Millennials to enjoy huge 'inheritance boom' - but it's coming far too late
It will not solve young people's home ownership and inequality woes.
Millennials are set for an "inheritance boom" - but it is coming too late to help with dreams of home ownership or escaping inequality, as many will have to wait until the average age of 61 to receive anything.
A new report published by the Resolution Foundation for the Intergenerational Commission revealed that the inheritance boom will be the biggest of any post-war generation, as the large sums of wealth accumulated by older people are due to provide a much-needed boost to young people. Inheritances look set to more than double in the next two decades, peaking in 2035, as baby boomers, who currently boast more than half of Britain's wealth, go through old age.
But the boost to young people currently aged 20 to 35 will come too late in life and be distributed too unequally to smooth out the stark generational wealth divide. Of young people who have yet to own a home, 46% have parents who do not own one either, compared to 83% of home-owning millennials whose parents also own a property.
And it is estimated that the most common age for millennials to inherit from their parents will be 61, making the boost too late for the child-rearing stage of their lives.
On the bright side, a greater share of millennials are due to benefit from inheritance, as just 38% of adults born in the 1930s received an inheritance, compared to almost 66% of young adults today who might expect to get a share of their parents' property in the future.

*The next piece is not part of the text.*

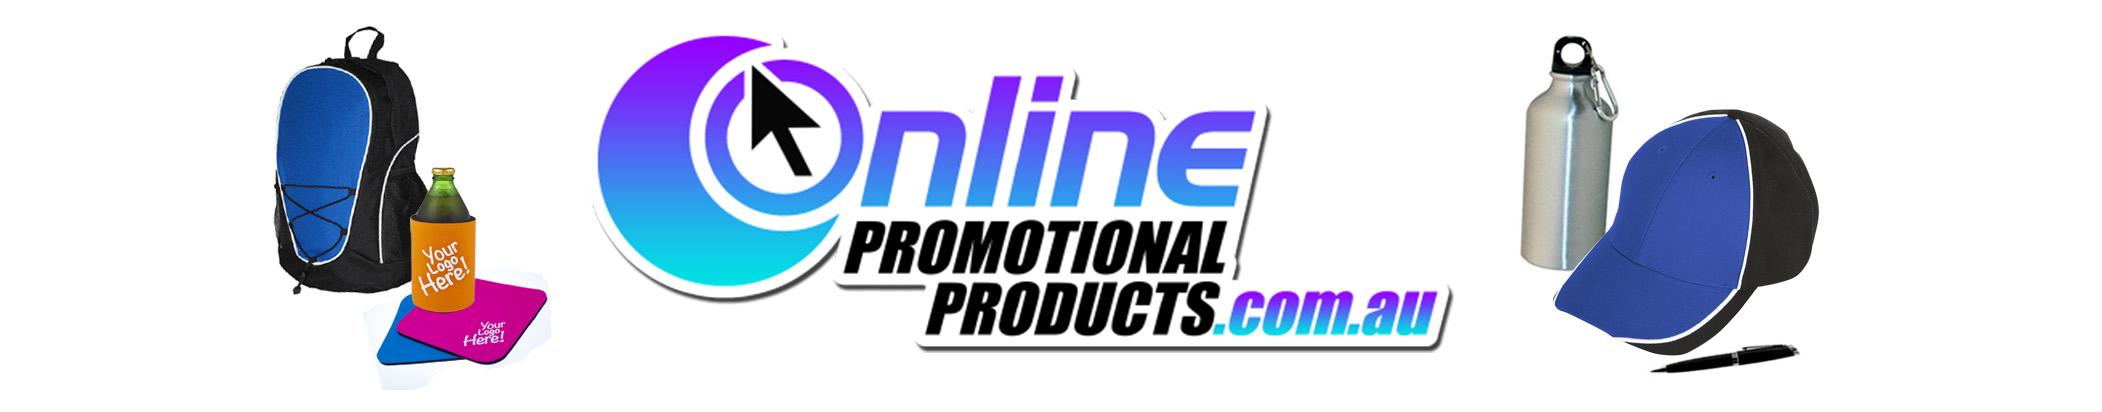 online-promo1.jpg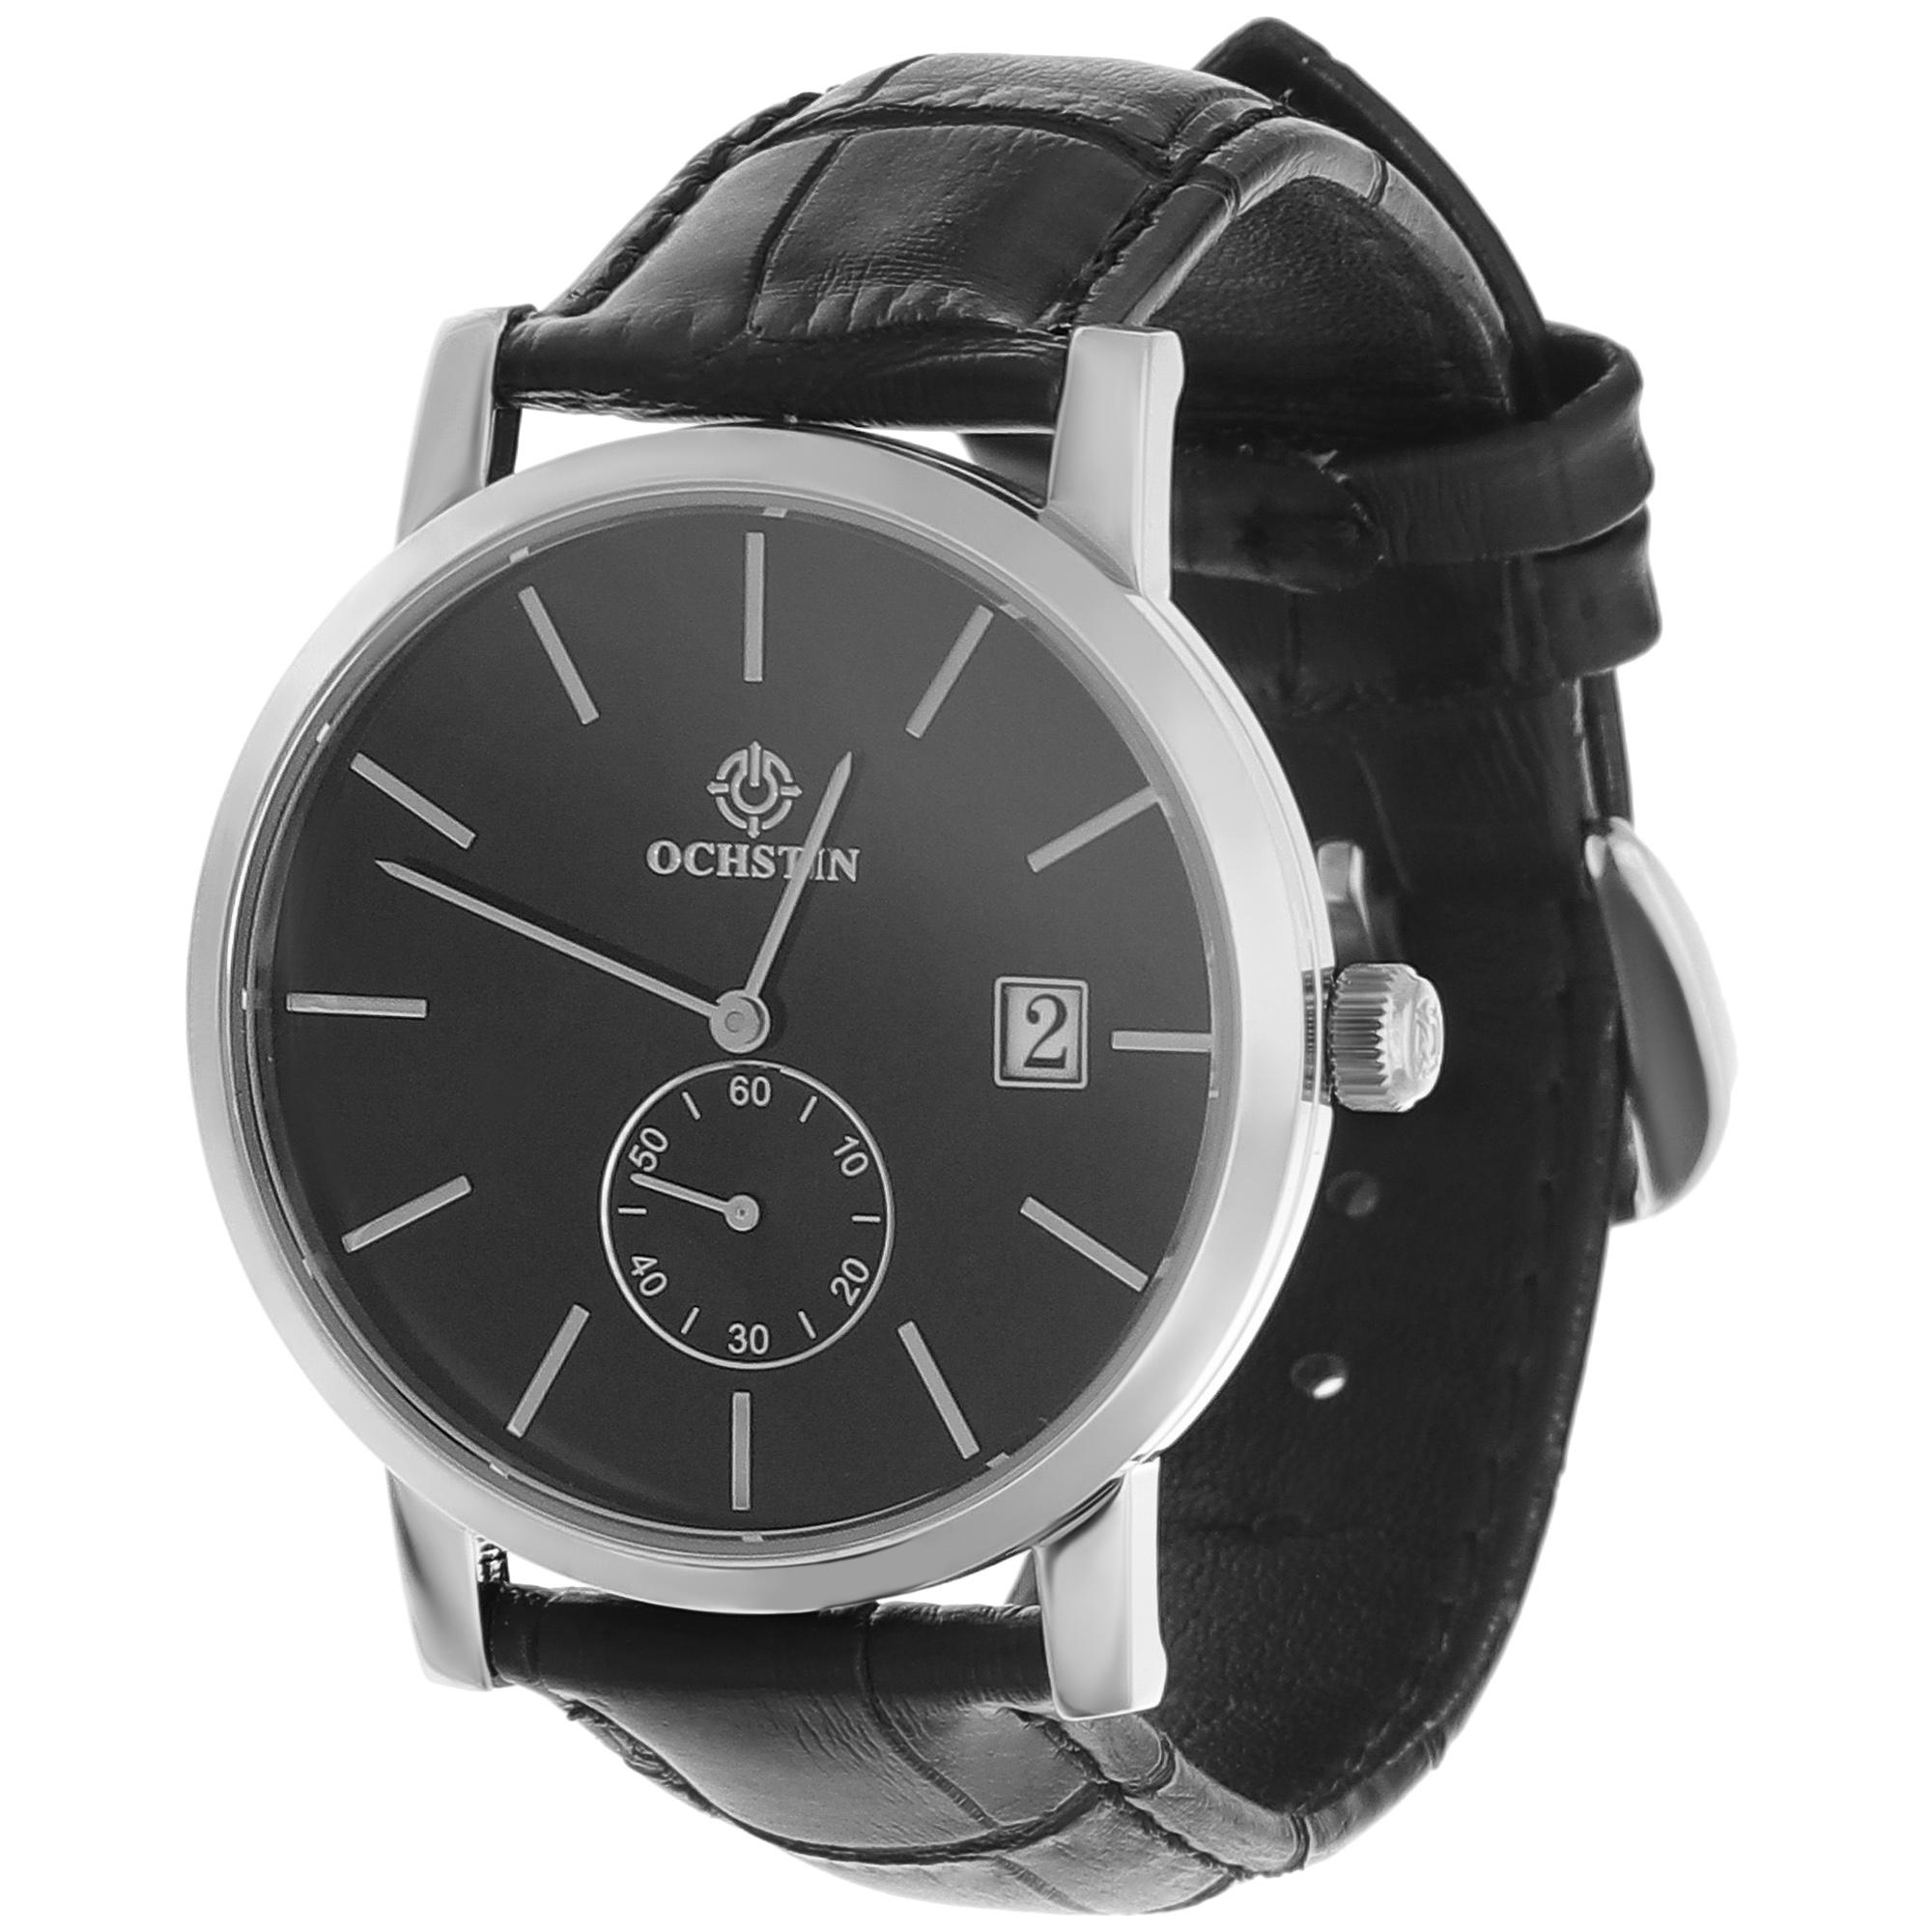 Часы наручные Ochstin AGSD141901PU часы наручные shiyi watch ochstin agsda050119

Laura Gardiner, senior policy analyst at the Resolution Foundation, said: "Older generations have benefitted hugely from the big increases in household wealth in Britain over recent decades. While the millennials have done far less well in accumulating their own assets, they are likely to benefit from an inheritance boom in the decades ahead.
"This is likely to be very welcome news for those millennials, including some from poorer backgrounds who in the past would have been unlikely to receive bequests. They have the good fortune to benefit from the luck of the baby boomer generation.
"But inheritance is not the silver bullet that will get a whole new generation on the housing ladder or address growing wealth gaps in society. Even for those millennials who will receive a bequest, it's unlikely to come when they're coupling up, having children, and trying to buy a family home when the extra wealth would be much needed, but as they approach retirement instead."